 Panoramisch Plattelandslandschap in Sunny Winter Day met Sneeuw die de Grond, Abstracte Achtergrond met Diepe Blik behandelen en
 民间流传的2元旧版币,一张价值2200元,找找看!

____

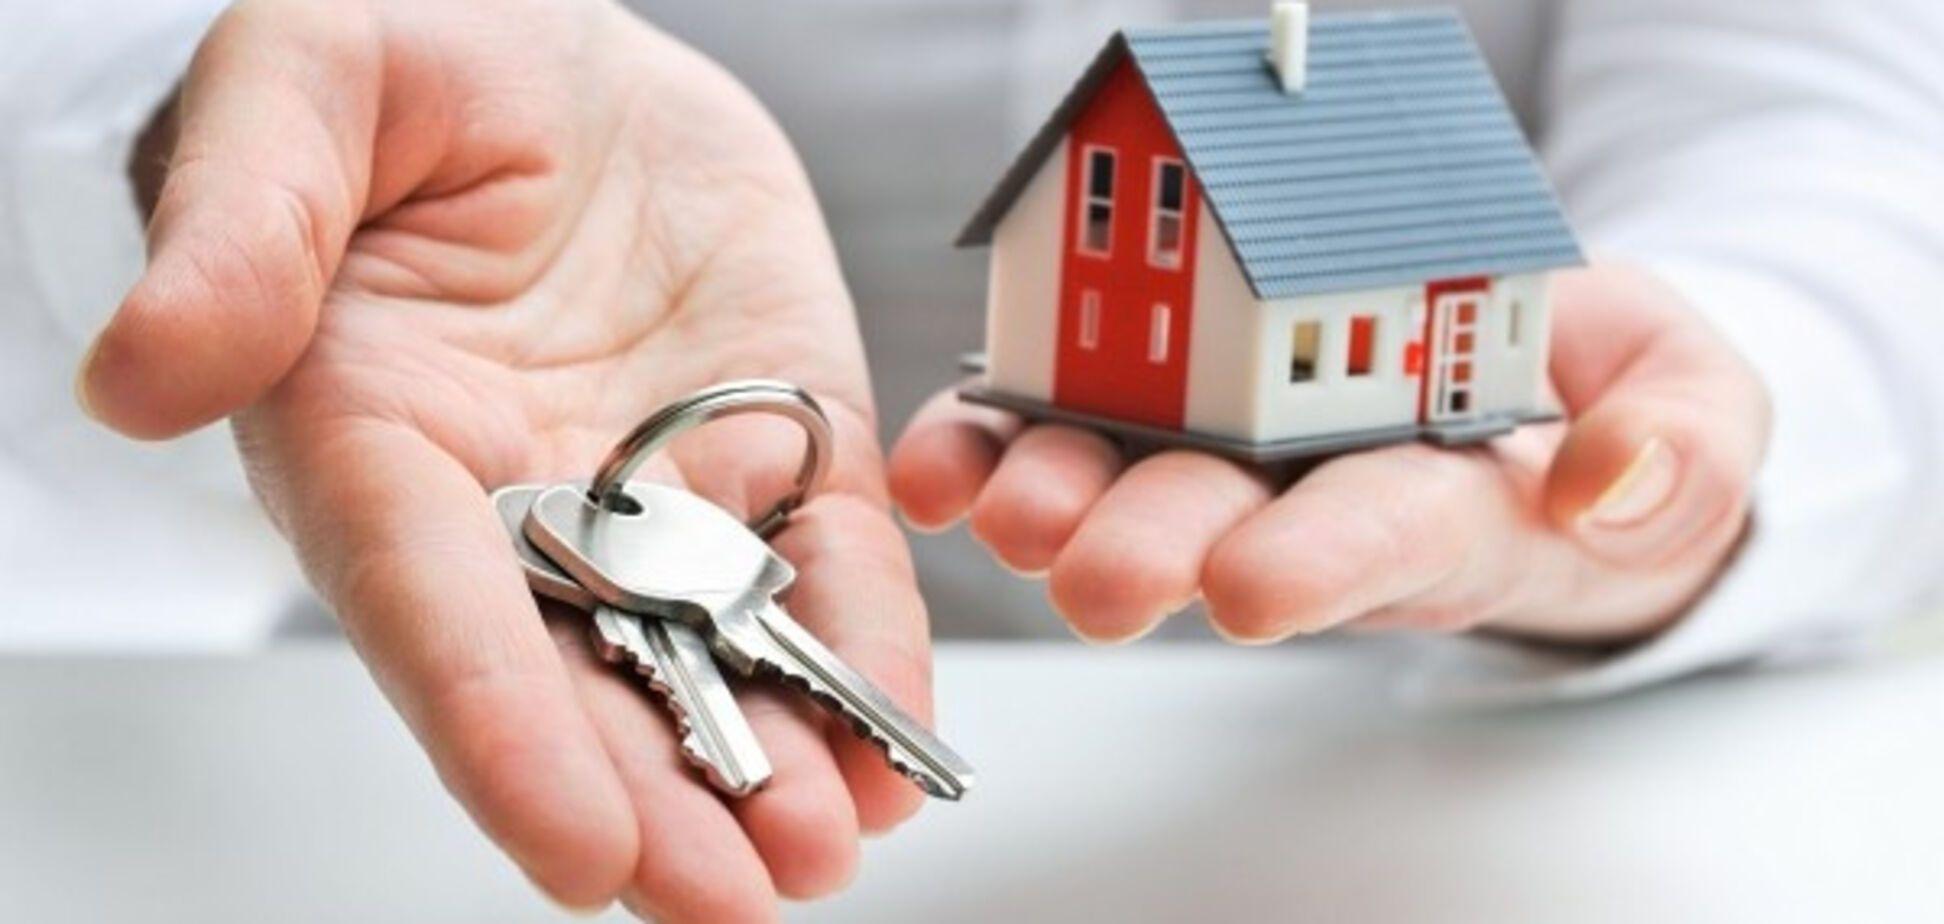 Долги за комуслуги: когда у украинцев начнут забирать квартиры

____

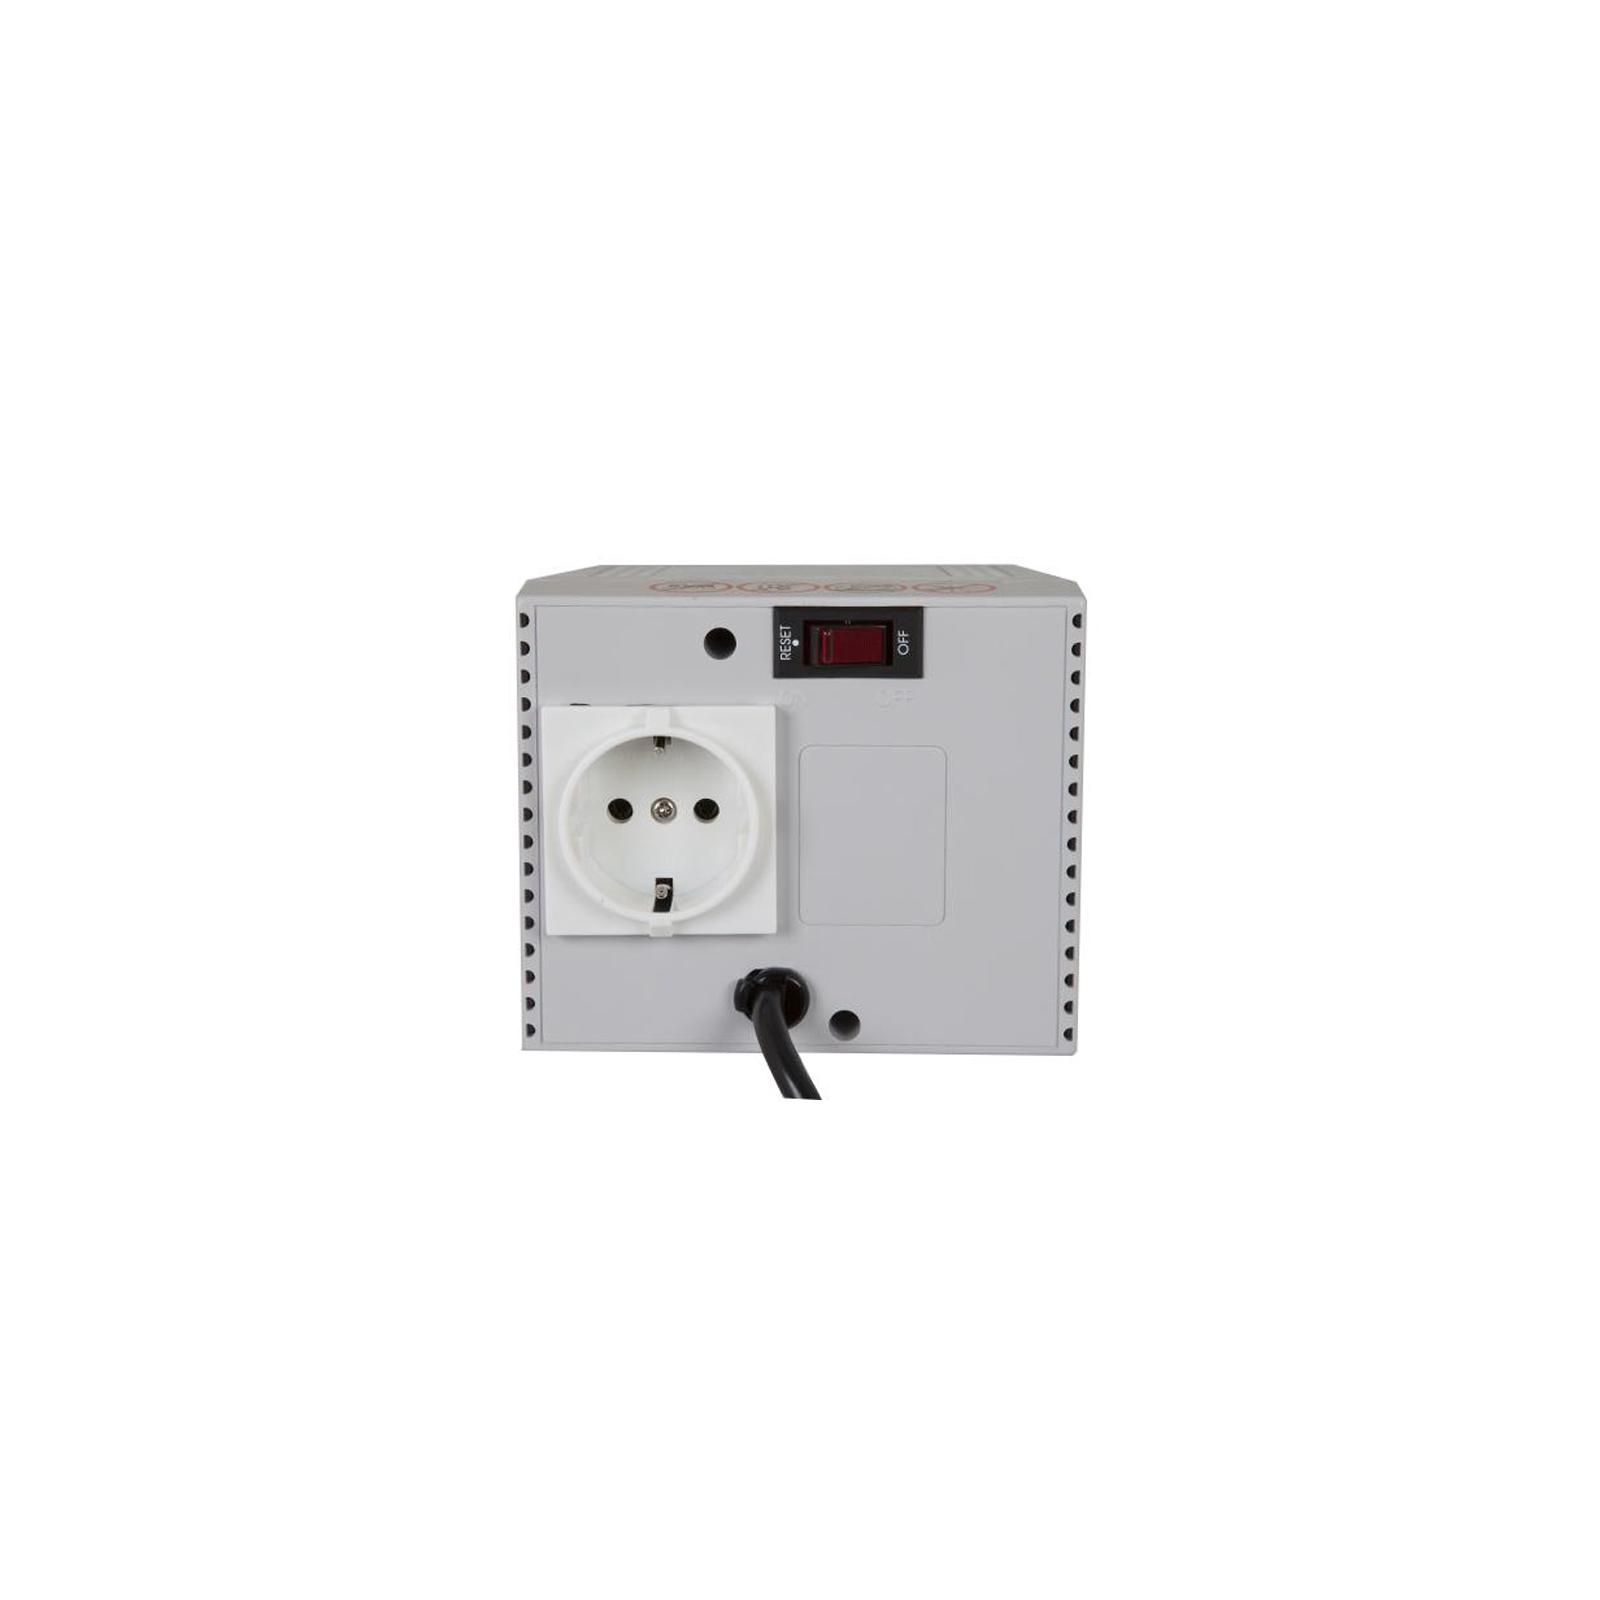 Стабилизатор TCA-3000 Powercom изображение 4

____

Problem requirements: In the material above, locate the line containing "Panoramisch Plattelandslandschap in" and the line containing "民间流传的2元旧版币,一张价值2200元,找找看!". Transcribe exactly those two lines and every line between them, and nothing more.

Result of the task:
 Panoramisch Plattelandslandschap in Sunny Winter Day met Sneeuw die de Grond, Abstracte Achtergrond met Diepe Blik behandelen en
 民间流传的2元旧版币,一张价值2200元,找找看!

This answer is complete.